#### Task statement
Please copy the listing that follows exactly, leaving out any pictures.

#### Stored data
-------

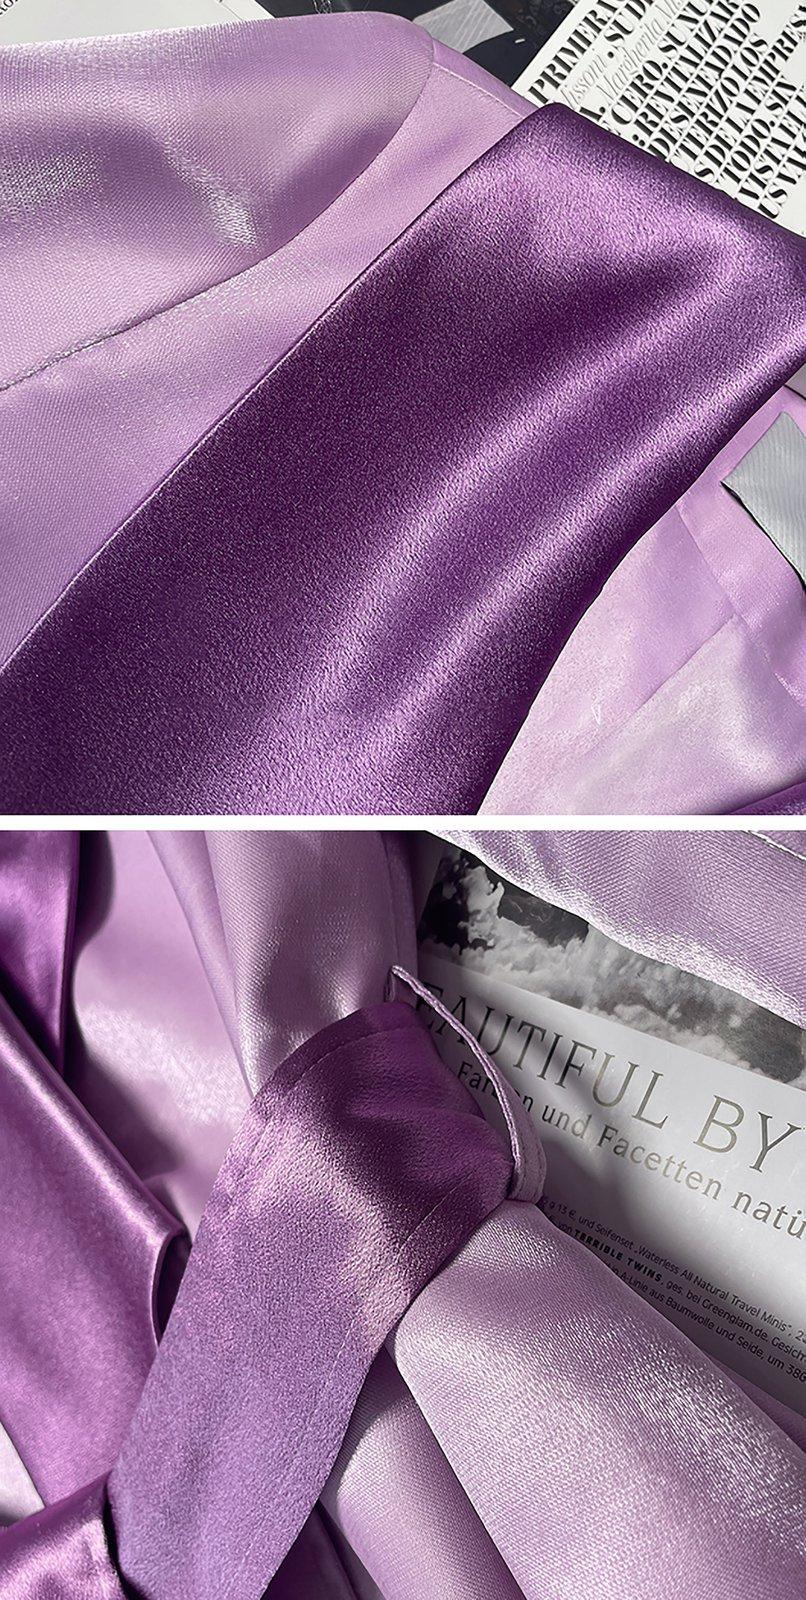 Women Purple Satin Belted Long Gown Trench Coat Vivian Seven
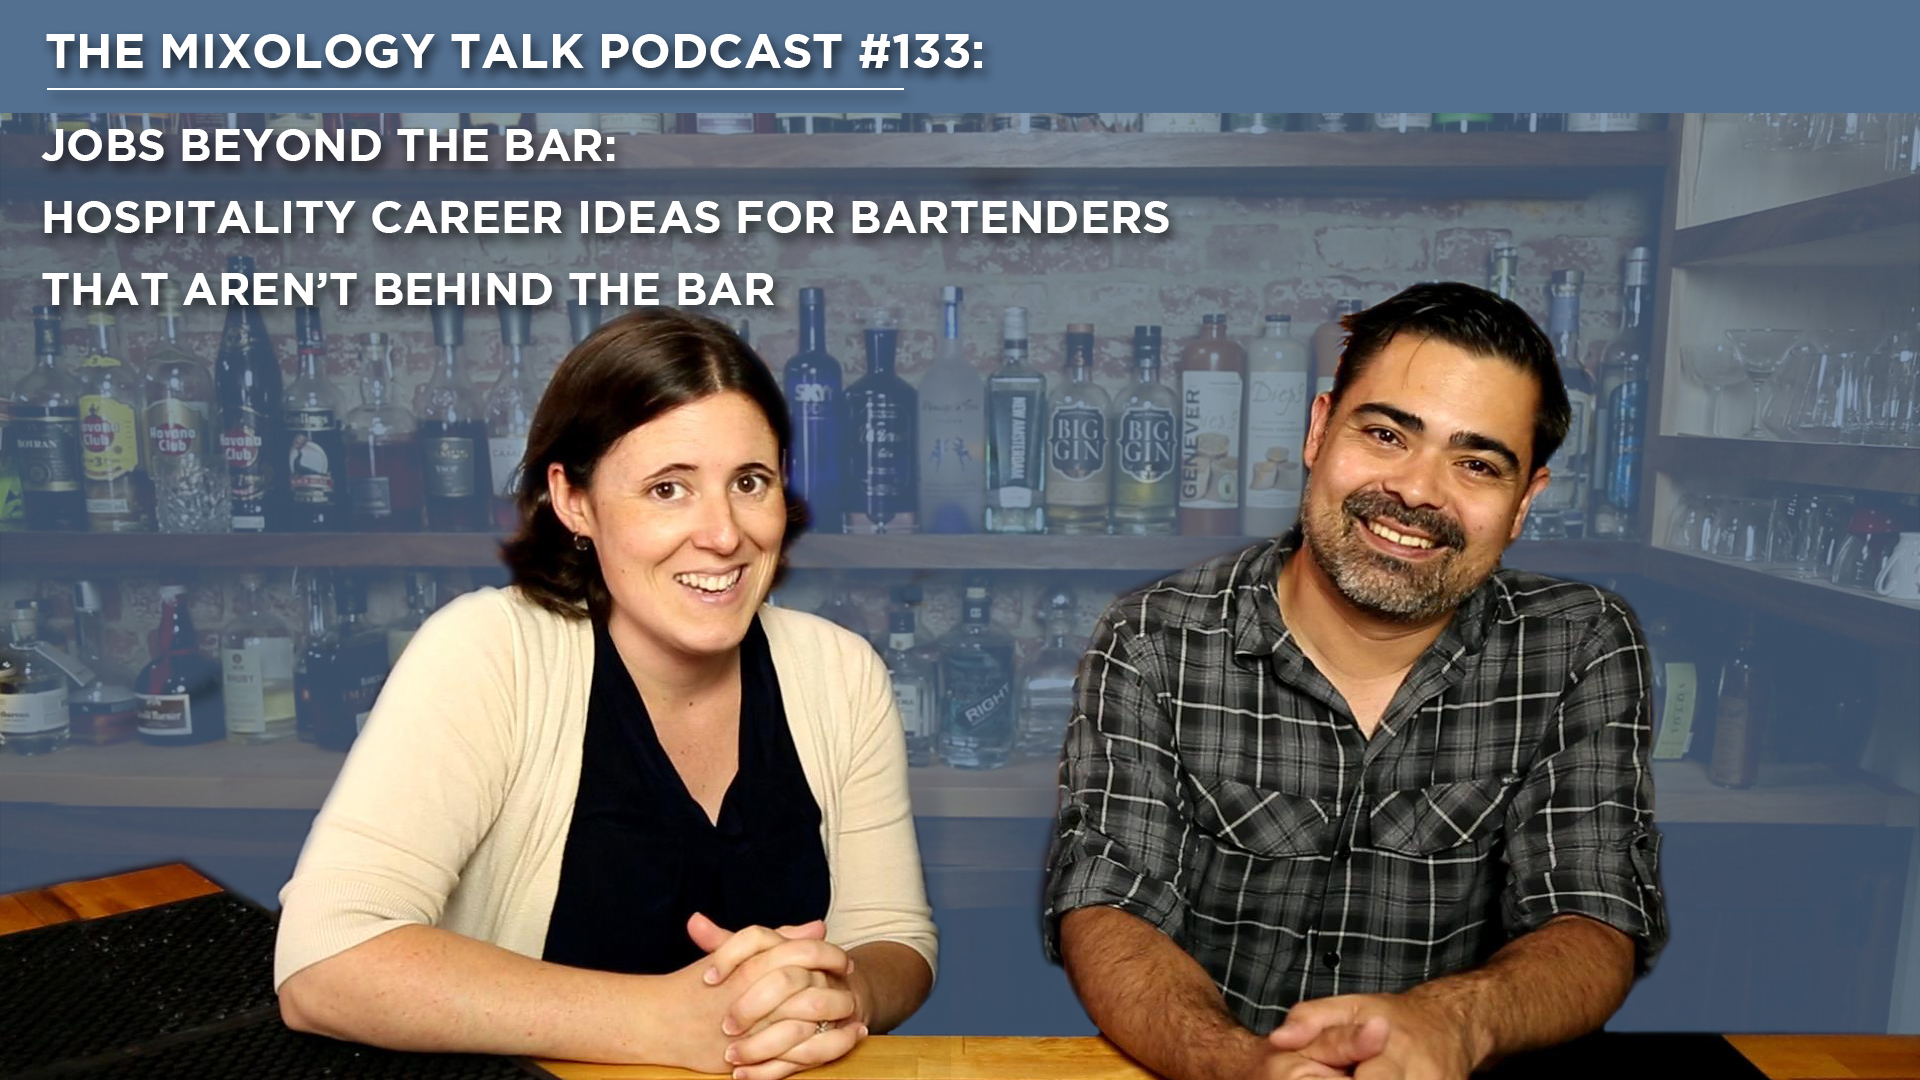 Jobs Beyond the Bar: Hospitality Career Ideas for Bartenders that aren
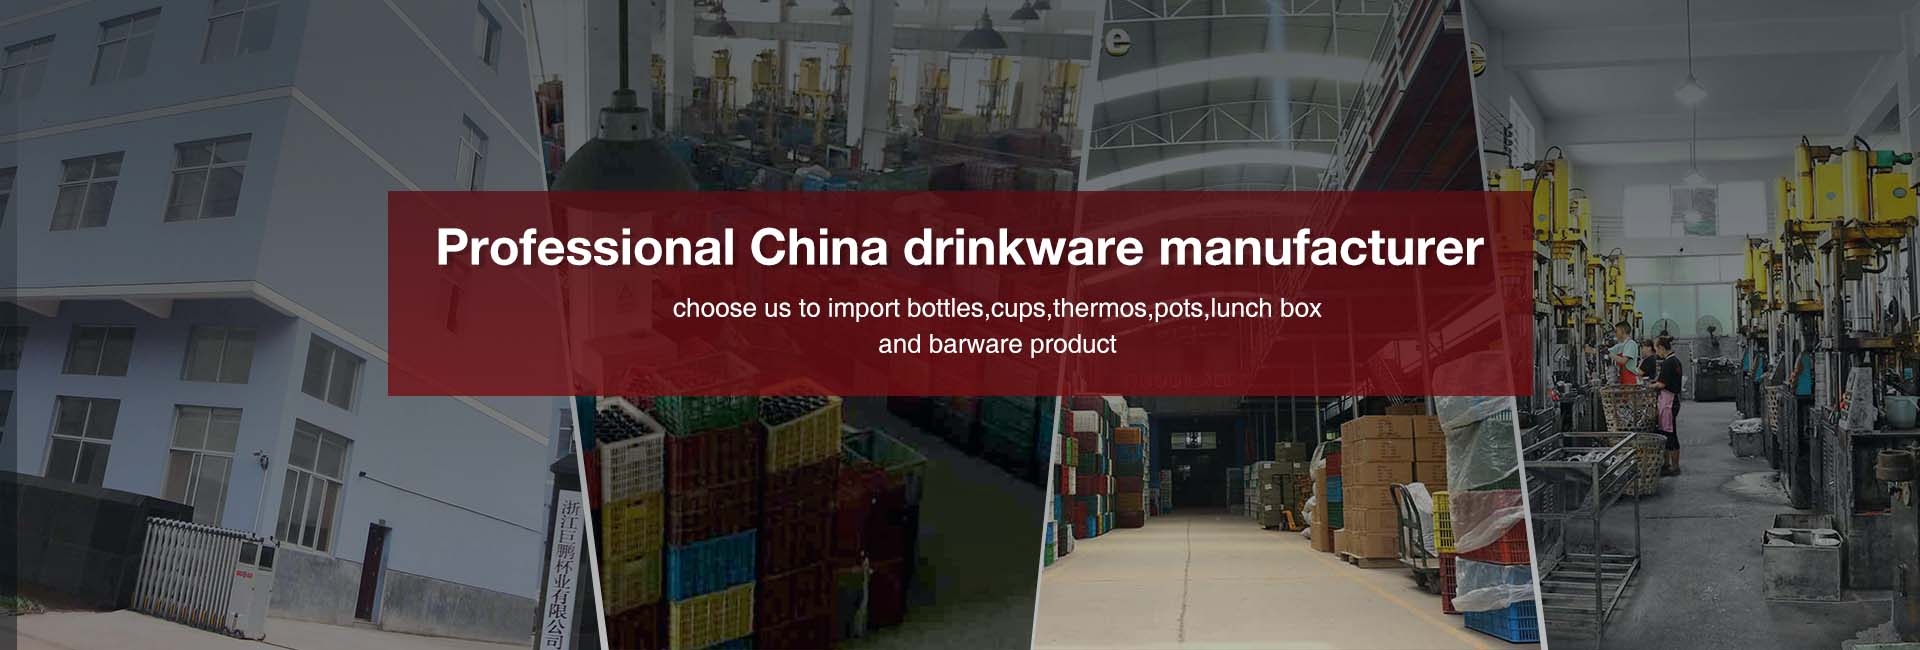 China drinkware manufacturer

-------

#### Your solution
 Women Purple Satin Belted Long Gown Trench Coat Vivian Seven
 Jobs Beyond the Bar: Hospitality Career Ideas for Bartenders that aren
 China drinkware manufacturer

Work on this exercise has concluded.